Druidry reconnected me with the joy of being incarnate in a body. It is a profoundly sensual and joyful, in-the-now religion. I found I could embrace even suffering as the birth-pains of a better world to come, and I am one of many midwives in this process. Rather than distance myself from life and limitation, striving for and dreaming of heaven, Druidry tells me to live fully in the now. I found peace in life, joy! Living itself became art. And I can fully embrace anything that comes after I die- reincarnation, time in the Summerlands, heaven (if there is such an eternal state of being), and so forth. I found that I could have peace and joy in whatever the Divine One brings me, because I need only foster communion with all beings to feel the deep meaning of it all.

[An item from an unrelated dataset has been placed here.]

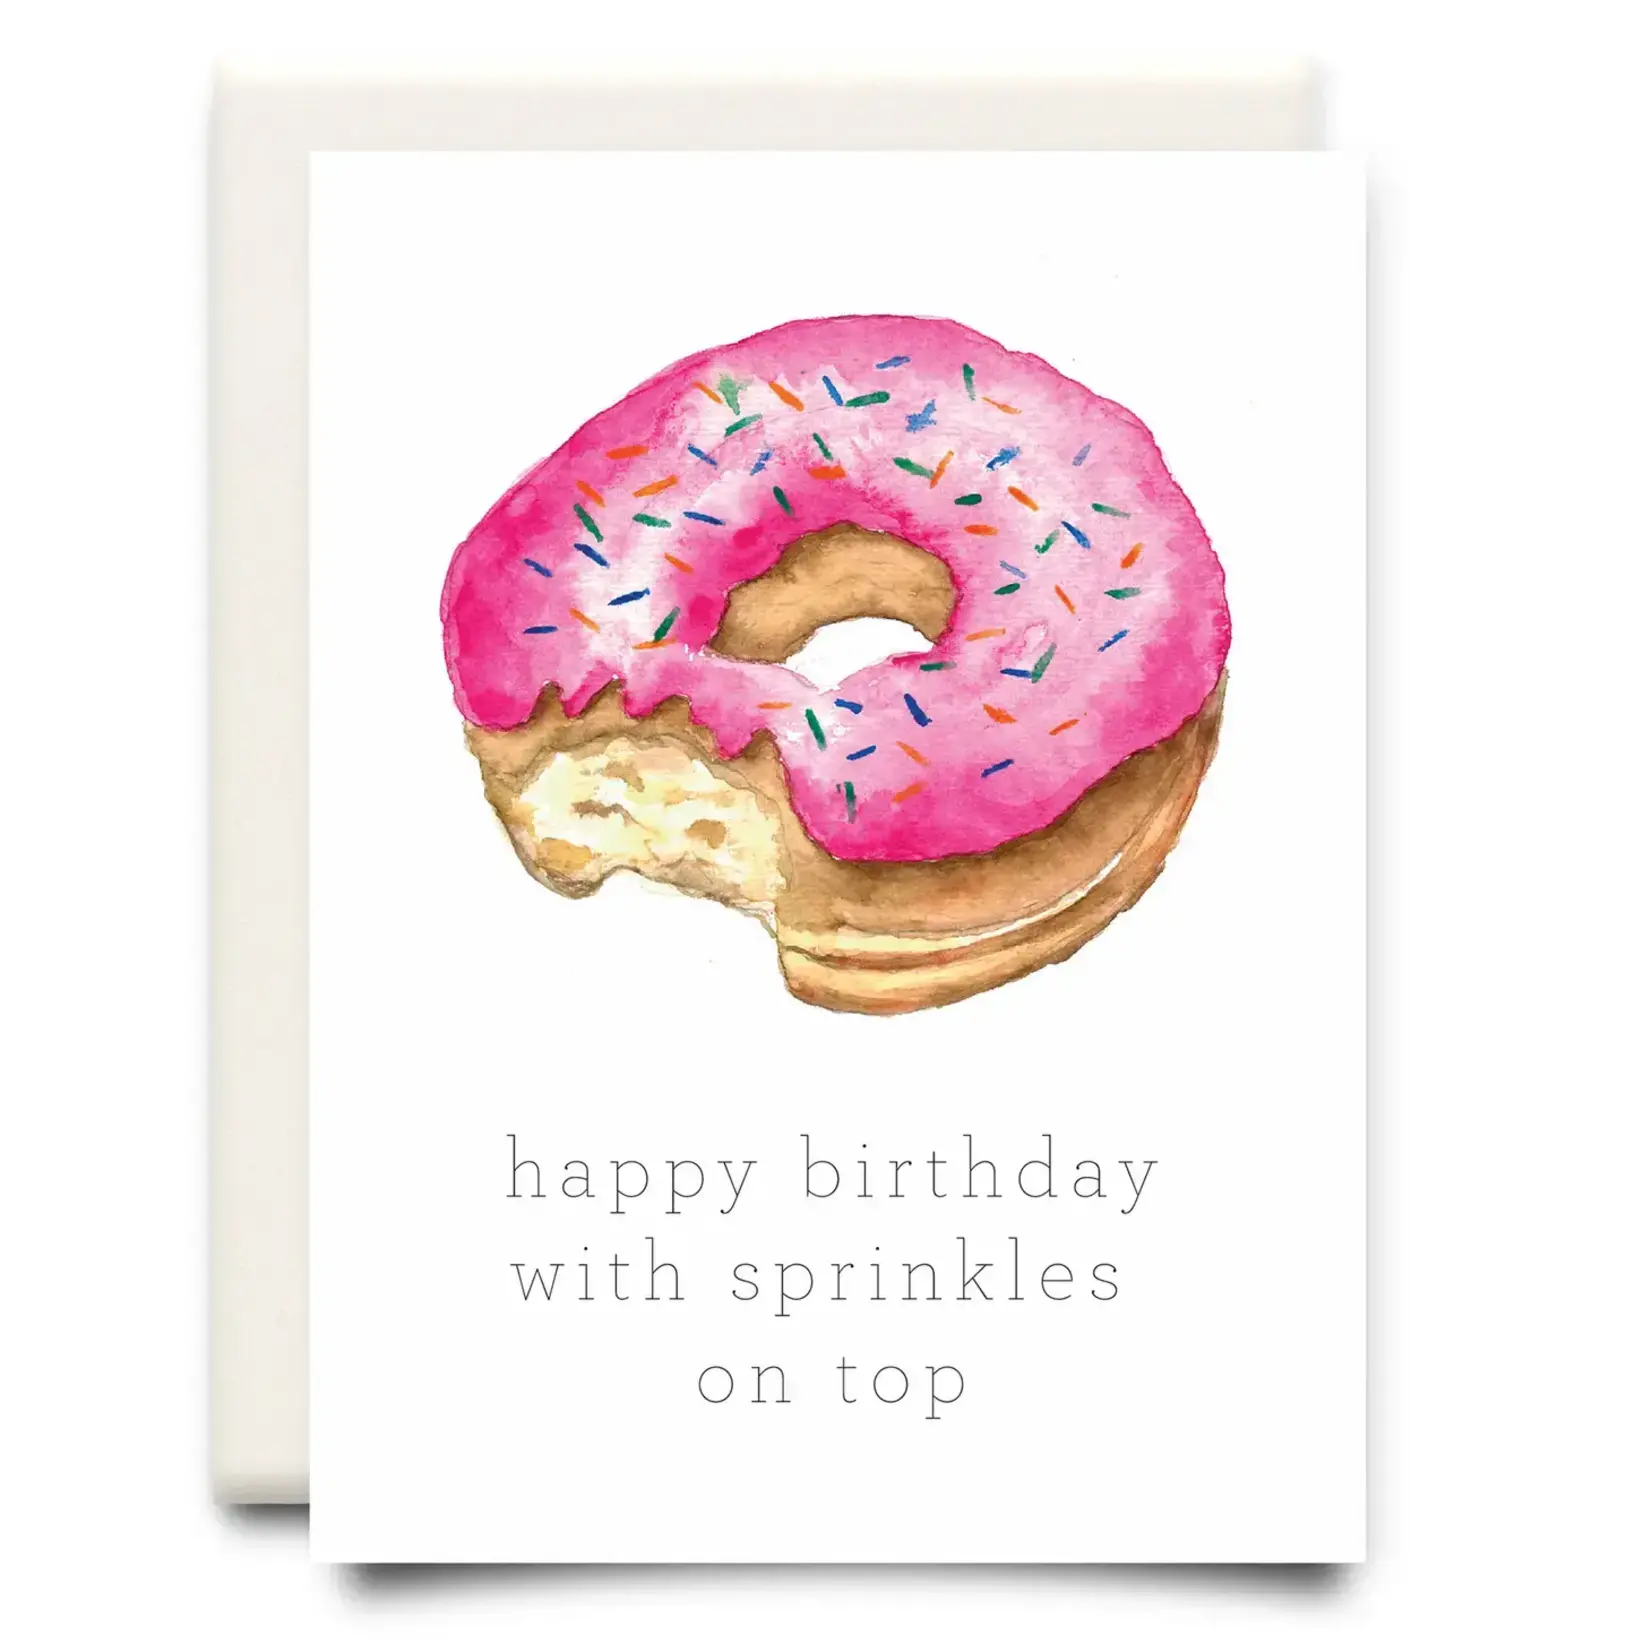 Sprinkles On Top - Greeting Card

So far as I can tell from my own practice and reading about others', Pagan traditions are communal, deeply personal, and non-authoritarian. I write my own rituals for God, I have responsibility for my own study of religion. I am empowered but also held responsible for my own spirituality. "Church" is a community of mutually and equally responsible people, rather than a group under an authority figure. This structure better fits my own experience and path.

So... very long story longer... this is why I am a Neo-Pagan and how I came to be there.

I'd love to hear how others address this question of "outmoded religion" and how/why you came to be Neo-Pagan.

Blessings,
Path

What's the practical difference between "Pagan" and "Neo-Pagan"?